Cette déclaration appelle beaucoup d’interrogations et beaucoup de commentaires.
Emmanuel Macron oublie-t-il qu’en sa qualité de président de l’Union européenne, qu’il était de ceux qui ont pris la décision de fermer RT et Sputnik dans l’espace européen ?
Pourquoi peut-il être choqué par la décision souveraine du Mali, semblable à celle prise par l’Union européenne concernant RT et Sputnik?
Cette logique de deux poids deux mesures laisse interrogateur. Si RT et Sputnik sont la voix du Kremlin, Rfi et France 24 qui dépendent du Quai d’Orsay, le ministère français de l’Europe et des Affaires étrangères, sont chargés de véhiculer la vision de la France dans le monde et particulièrement en Afrique. La défense des intérêts français est leur mission principale.
Mais on n’en était pas à une contradiction près. On se rappelle que lorsque battait le plein du tripatouillage des constitutions pour avoir un troisième mandat illégal et illégitime en Guinée et en Côte d’Ivoire, la France à travers son président Emmanuel Macron a eu une position qui a dérouté tout le monde.
Emmanuel Macron avait condamné avec la dernière énergie, la volonté d’Alpha Condé l’ex-président de s’offrir un troisième mandat en changeant la constitution de son pays.
Dans le même temps, dans les mêmes circonstances et avec le même objectif de se maintenir au pouvoir après les deux mandats auxquels il avait droit, Alassane Ouattara, le chef de l’État ivoirien a eu le soutien d’Emmanuel Macron et partant de la France, qui lui a même trouvé des circonstances atténuantes, en évoquant un « cas de force majeure » qui n’existe nulle part dans la loi fondamentale de la Côte d’Ivoire.
Il ne viendrait jamais à l’idée d’Emmanuel Macron de solliciter un troisième mandat en France si d’aventure, le candidat de sa formation politique venait à disparaître. C’est une incongruité qui ne pourra jamais effleurer son esprit, encore moins l’évocation d’un « cas de force majeur ». Mais pour les intérêts et pour la grandeur de la France, il peut défendre l’indéfendable et justifier l’injustifiable, surtout s’il s’agit de l’Afrique !
On a encore en mémoire qu’Emmanuel Macron avait toujours des poussées d’urticaire quand il s’agit du gouvernement malien qu’il qualifie d’illégitime parce qu’issu de « deux coups d’État ». Mais pourquoi n’éprouve-t-il pas le même sentiment à l’égard du gouvernement militaire du Tchad, installé par effraction à la tête de ce pays?
Cerise sur le gâteau, les nouvelles autorités nigériennes viennent de dénoncer les accords léonins qui lient leur pays à la France. La France refuse cette dénonciation en évoquant l’illégitimité de ces nouvelles autorités. Comme s’il lui revient de conférer une légitimité à des autorités d’un pays souverain !
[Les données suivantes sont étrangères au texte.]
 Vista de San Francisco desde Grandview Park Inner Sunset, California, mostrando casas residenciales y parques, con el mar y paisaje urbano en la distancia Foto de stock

Dans les mêmes conditions, elle s’est exécutée quand le gouvernement de transition du Mali a fait la même demande après avoir expulsé l’ambassadeur de France au Mali. Qu‘est-ce qui n’a pas marché cette fois-ci ?
Mais il ne faut pas se leurrer, et nul n’est naïf, la défense des intérêts peut conduire à tout, et induire des positions qui donnent le tournis. Que représente une contradiction au regard des énormes intérêts français?
Ainsi va le monde !
Mais arrive le jour où l’ivraie sera séparée du vrai.